To do → For the records below, output each line exactly as it appears, from the first through the line with "Bedroom of Fosse".

Supplied information →
▬▬▬▬▬▬

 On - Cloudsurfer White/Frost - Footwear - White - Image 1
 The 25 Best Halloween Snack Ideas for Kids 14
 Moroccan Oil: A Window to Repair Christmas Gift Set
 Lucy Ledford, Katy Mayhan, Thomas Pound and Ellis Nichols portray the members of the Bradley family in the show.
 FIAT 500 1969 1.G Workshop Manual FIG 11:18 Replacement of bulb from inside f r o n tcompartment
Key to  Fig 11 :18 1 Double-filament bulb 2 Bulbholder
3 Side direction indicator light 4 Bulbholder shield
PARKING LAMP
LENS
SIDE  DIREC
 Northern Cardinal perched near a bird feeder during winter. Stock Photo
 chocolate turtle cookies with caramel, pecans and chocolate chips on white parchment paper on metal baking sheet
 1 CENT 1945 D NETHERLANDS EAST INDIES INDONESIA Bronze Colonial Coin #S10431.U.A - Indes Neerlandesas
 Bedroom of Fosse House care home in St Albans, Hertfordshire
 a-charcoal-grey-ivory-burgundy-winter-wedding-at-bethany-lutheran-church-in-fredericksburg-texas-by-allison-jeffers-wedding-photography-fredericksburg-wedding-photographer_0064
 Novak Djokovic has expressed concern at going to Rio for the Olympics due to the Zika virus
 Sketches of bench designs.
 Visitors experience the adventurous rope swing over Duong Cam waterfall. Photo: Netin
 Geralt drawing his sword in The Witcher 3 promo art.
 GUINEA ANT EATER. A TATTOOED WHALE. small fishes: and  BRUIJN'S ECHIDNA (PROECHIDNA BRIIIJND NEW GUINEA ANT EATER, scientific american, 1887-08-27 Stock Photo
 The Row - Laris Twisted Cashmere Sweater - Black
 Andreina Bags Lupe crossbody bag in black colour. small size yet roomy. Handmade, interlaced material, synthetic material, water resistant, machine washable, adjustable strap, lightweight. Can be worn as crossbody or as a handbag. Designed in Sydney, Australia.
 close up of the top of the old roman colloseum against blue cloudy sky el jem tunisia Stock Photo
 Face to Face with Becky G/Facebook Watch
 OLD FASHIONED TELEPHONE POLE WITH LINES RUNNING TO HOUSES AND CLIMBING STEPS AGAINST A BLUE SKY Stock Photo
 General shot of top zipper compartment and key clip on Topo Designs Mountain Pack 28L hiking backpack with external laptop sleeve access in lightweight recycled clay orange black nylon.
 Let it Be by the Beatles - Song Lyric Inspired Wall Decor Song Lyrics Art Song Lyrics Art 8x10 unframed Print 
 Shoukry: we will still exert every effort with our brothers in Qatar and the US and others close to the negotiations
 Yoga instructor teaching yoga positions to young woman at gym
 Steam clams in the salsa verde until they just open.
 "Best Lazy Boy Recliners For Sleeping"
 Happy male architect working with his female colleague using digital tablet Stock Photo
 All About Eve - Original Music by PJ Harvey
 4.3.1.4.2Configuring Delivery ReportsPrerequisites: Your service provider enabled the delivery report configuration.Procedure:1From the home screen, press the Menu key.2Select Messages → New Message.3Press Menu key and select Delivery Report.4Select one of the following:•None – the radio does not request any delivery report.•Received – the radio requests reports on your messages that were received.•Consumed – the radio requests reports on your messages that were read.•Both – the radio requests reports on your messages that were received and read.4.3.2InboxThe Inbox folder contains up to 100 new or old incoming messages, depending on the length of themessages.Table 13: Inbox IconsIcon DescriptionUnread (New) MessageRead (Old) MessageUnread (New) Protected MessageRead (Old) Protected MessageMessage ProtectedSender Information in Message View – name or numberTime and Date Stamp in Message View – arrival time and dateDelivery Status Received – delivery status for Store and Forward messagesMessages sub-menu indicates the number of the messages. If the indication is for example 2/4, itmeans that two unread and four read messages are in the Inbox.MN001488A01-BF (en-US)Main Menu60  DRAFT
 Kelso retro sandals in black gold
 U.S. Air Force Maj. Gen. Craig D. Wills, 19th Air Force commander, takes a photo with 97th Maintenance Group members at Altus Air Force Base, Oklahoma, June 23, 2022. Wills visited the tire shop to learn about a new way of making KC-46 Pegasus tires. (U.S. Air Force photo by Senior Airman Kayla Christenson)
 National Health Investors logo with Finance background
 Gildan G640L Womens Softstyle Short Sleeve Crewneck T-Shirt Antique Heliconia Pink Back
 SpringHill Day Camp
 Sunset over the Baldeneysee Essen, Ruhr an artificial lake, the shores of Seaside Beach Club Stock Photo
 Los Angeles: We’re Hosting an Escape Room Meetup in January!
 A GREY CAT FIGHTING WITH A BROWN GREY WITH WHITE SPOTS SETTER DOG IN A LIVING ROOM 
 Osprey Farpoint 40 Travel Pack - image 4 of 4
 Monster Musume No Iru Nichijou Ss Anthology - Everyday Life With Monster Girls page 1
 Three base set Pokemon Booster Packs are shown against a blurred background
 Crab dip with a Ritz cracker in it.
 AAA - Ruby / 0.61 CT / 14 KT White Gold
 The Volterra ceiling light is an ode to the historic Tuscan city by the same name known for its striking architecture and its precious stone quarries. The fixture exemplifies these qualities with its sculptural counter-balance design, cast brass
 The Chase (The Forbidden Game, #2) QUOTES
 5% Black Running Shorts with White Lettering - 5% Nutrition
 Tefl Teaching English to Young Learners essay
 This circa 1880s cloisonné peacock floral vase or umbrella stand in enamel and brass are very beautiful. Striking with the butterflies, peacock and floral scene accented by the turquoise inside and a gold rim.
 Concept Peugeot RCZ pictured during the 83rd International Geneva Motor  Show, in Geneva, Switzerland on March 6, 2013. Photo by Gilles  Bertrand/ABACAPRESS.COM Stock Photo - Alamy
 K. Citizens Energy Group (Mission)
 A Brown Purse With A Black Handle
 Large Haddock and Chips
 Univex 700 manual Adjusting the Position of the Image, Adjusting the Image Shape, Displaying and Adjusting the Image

▬▬▬▬▬▬

Response →
 On - Cloudsurfer White/Frost - Footwear - White - Image 1
 The 25 Best Halloween Snack Ideas for Kids 14
 Moroccan Oil: A Window to Repair Christmas Gift Set
 Lucy Ledford, Katy Mayhan, Thomas Pound and Ellis Nichols portray the members of the Bradley family in the show.
 FIAT 500 1969 1.G Workshop Manual FIG 11:18 Replacement of bulb from inside f r o n tcompartment
Key to  Fig 11 :18 1 Double-filament bulb 2 Bulbholder
3 Side direction indicator light 4 Bulbholder shield
PARKING LAMP
LENS
SIDE  DIREC
 Northern Cardinal perched near a bird feeder during winter. Stock Photo
 chocolate turtle cookies with caramel, pecans and chocolate chips on white parchment paper on metal baking sheet
 1 CENT 1945 D NETHERLANDS EAST INDIES INDONESIA Bronze Colonial Coin #S10431.U.A - Indes Neerlandesas
 Bedroom of Fosse House care home in St Albans, Hertfordshire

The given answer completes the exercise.